Assignment
Strip the pictures, then copy the remaining data exactly as it stands.

Input data
== == ==

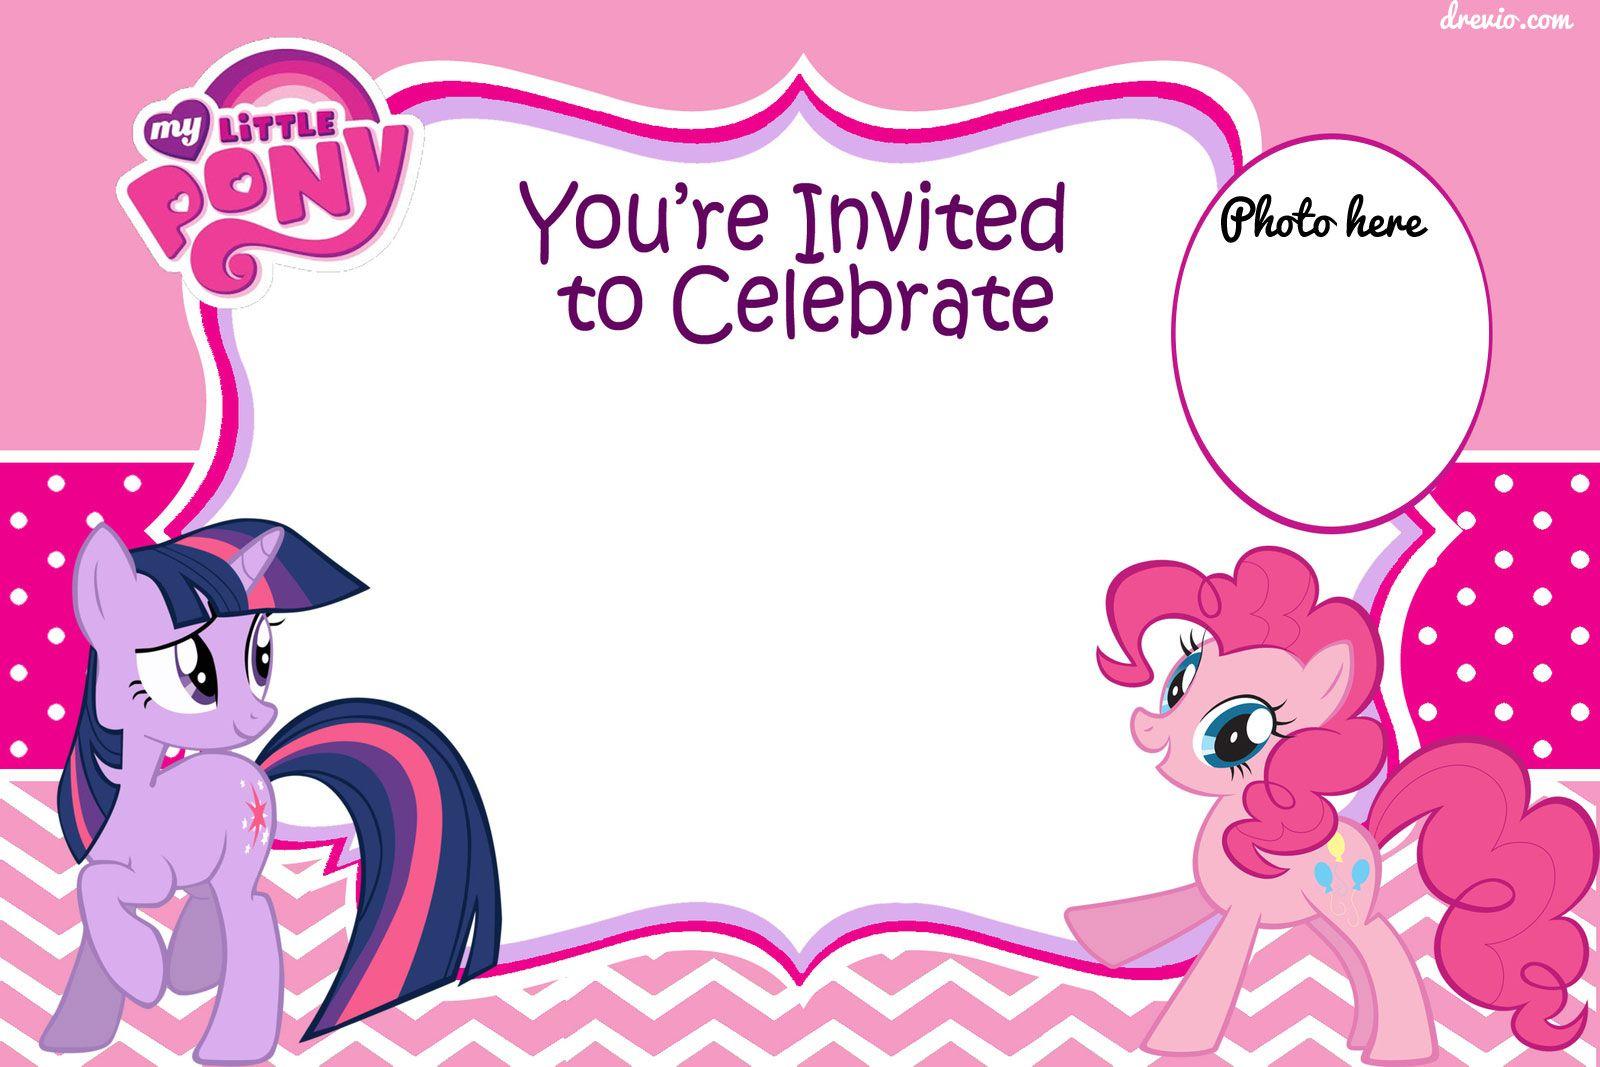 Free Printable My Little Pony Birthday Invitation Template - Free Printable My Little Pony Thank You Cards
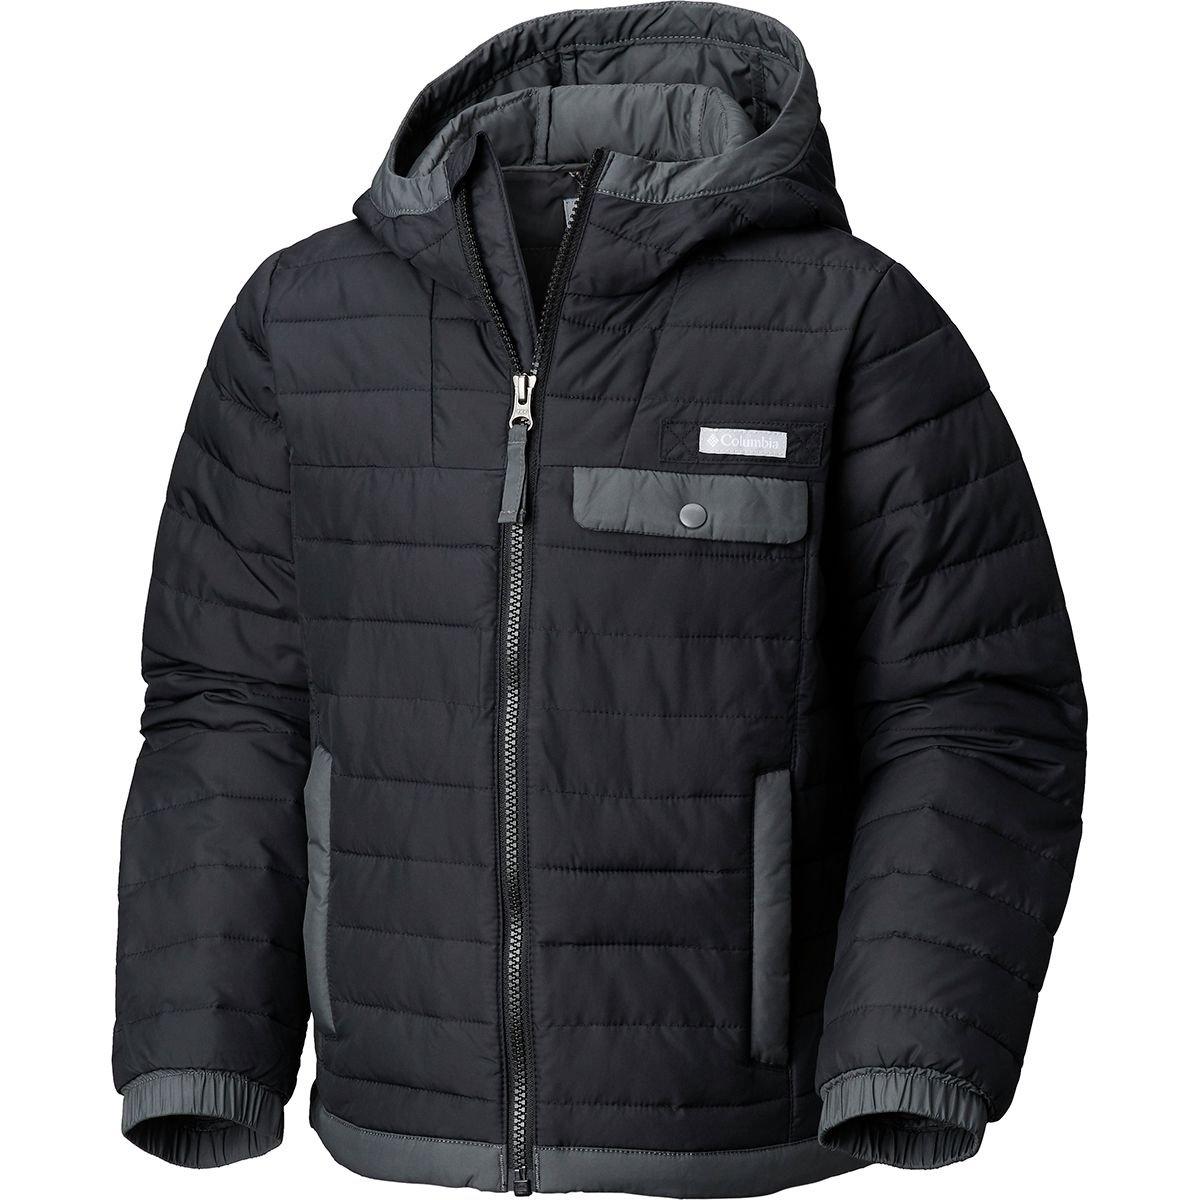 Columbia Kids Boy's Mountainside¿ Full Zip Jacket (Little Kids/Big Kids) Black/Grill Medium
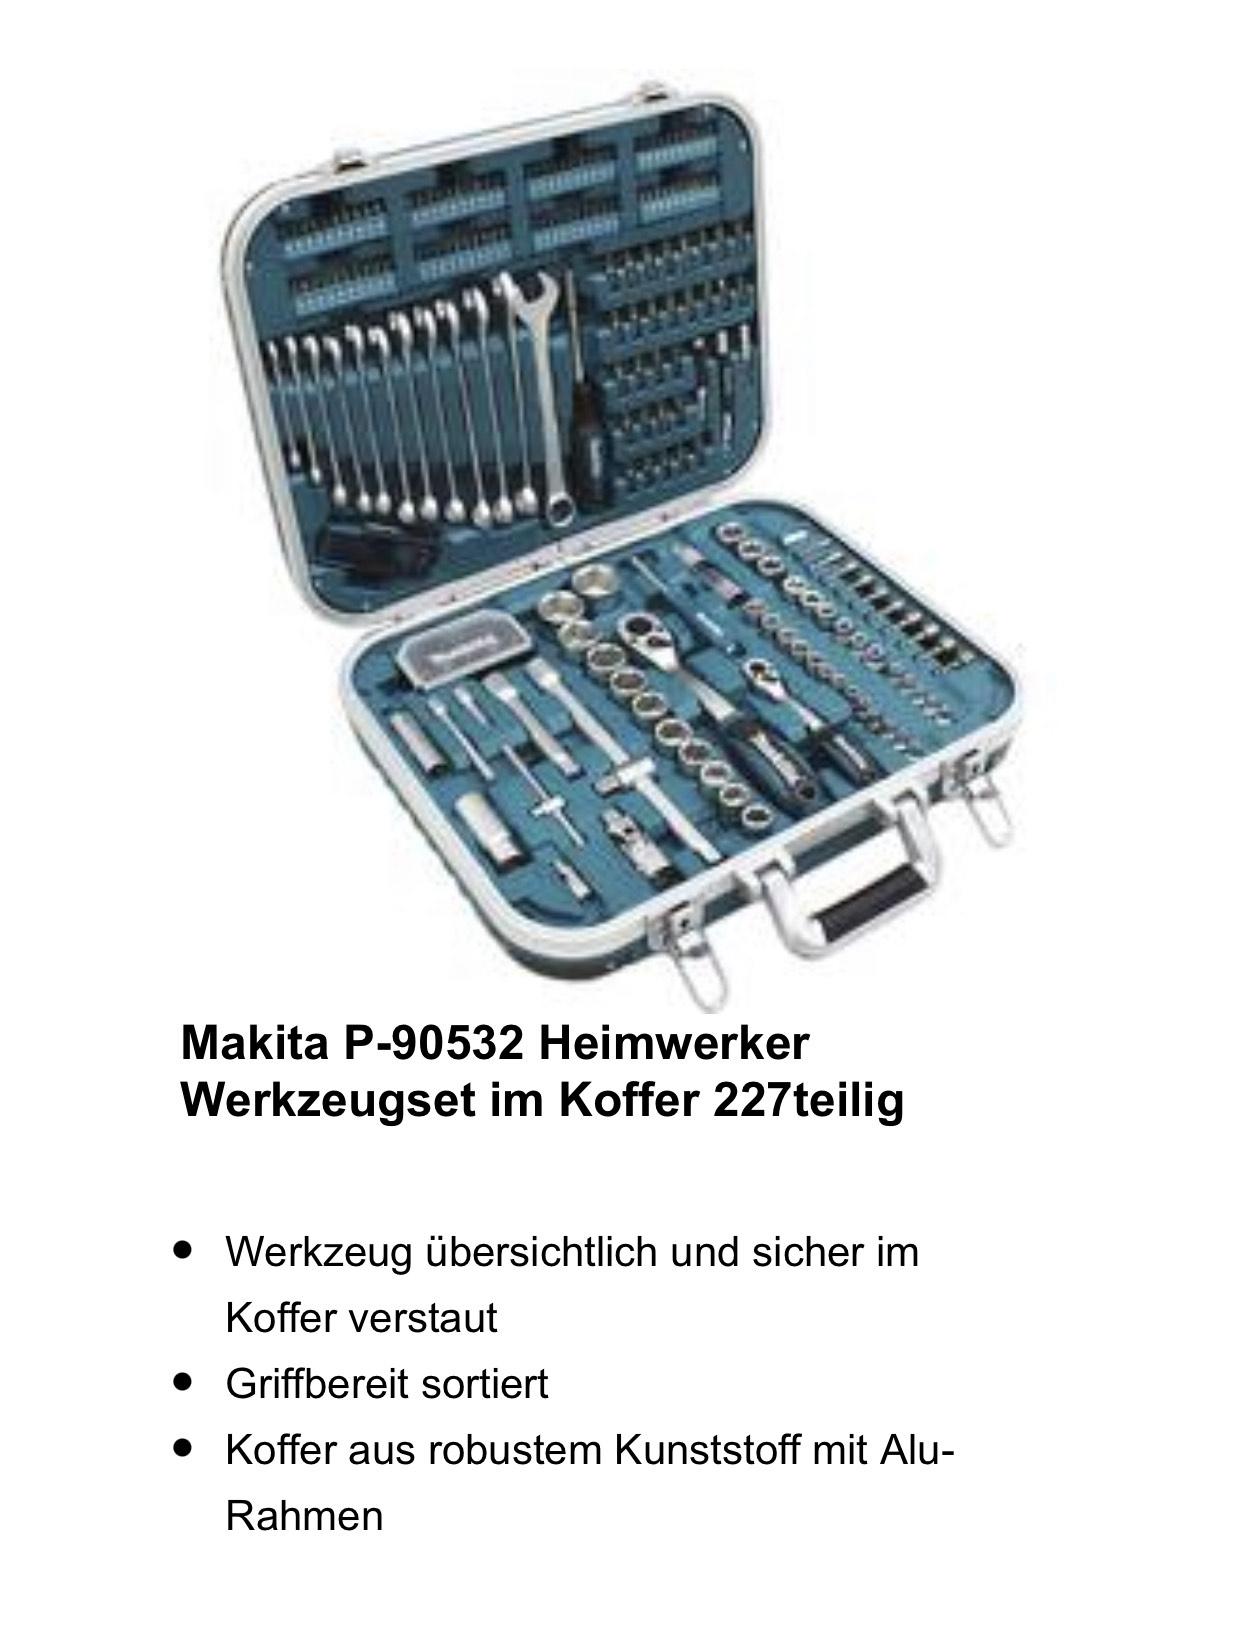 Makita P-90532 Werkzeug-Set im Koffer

== == ==

Reply to the task
 Free Printable My Little Pony Birthday Invitation Template - Free Printable My Little Pony Thank You Cards
 Columbia Kids Boy's Mountainside¿ Full Zip Jacket (Little Kids/Big Kids) Black/Grill Medium
 Makita P-90532 Werkzeug-Set im Koffer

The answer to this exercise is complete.